> THE PROBLEM
Which lines in the records below contain the word "with"? Copy each one.

> MATERIAL PROVIDED

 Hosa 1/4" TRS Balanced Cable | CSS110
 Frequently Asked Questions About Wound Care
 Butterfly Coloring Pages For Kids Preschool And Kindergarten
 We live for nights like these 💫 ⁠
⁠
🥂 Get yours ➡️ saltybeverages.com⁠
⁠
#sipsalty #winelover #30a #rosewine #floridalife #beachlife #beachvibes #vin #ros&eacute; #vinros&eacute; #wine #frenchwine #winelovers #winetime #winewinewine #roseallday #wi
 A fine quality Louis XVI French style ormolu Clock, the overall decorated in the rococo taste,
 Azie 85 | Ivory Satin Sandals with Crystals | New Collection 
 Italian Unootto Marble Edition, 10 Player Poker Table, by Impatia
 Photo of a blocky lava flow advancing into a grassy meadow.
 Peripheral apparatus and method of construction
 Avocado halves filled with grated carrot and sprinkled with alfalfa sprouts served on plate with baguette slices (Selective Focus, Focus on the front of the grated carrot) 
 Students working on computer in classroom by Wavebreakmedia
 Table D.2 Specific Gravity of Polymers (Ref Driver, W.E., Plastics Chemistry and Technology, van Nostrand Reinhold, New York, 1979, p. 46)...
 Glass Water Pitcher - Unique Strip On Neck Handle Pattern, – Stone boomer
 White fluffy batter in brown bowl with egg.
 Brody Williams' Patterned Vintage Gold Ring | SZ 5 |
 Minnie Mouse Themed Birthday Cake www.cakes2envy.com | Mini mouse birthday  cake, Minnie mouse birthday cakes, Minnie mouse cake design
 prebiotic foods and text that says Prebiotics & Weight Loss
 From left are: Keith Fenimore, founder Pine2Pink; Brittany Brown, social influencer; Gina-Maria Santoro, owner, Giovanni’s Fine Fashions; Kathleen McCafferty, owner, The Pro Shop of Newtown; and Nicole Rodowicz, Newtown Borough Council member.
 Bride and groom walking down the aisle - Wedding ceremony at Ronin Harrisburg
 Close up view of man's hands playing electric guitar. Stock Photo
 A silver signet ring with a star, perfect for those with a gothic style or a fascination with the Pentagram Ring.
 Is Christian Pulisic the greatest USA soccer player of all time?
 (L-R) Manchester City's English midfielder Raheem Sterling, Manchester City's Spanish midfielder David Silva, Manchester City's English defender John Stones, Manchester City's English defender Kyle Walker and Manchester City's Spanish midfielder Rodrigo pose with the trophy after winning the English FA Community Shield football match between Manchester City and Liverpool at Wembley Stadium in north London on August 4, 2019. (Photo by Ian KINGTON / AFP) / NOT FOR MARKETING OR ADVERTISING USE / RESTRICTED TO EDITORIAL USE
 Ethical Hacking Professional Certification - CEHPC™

> EXERCISE OUTPUT
 Azie 85 | Ivory Satin Sandals with Crystals | New Collection 
 Avocado halves filled with grated carrot and sprinkled with alfalfa sprouts served on plate with baguette slices (Selective Focus, Focus on the front of the grated carrot) 
 White fluffy batter in brown bowl with egg.
 A silver signet ring with a star, perfect for those with a gothic style or a fascination with the Pentagram Ring.
 (L-R) Manchester City's English midfielder Raheem Sterling, Manchester City's Spanish midfielder David Silva, Manchester City's English defender John Stones, Manchester City's English defender Kyle Walker and Manchester City's Spanish midfielder Rodrigo pose with the trophy after winning the English FA Community Shield football match between Manchester City and Liverpool at Wembley Stadium in north London on August 4, 2019. (Photo by Ian KINGTON / AFP) / NOT FOR MARKETING OR ADVERTISING USE / RESTRICTED TO EDITORIAL USE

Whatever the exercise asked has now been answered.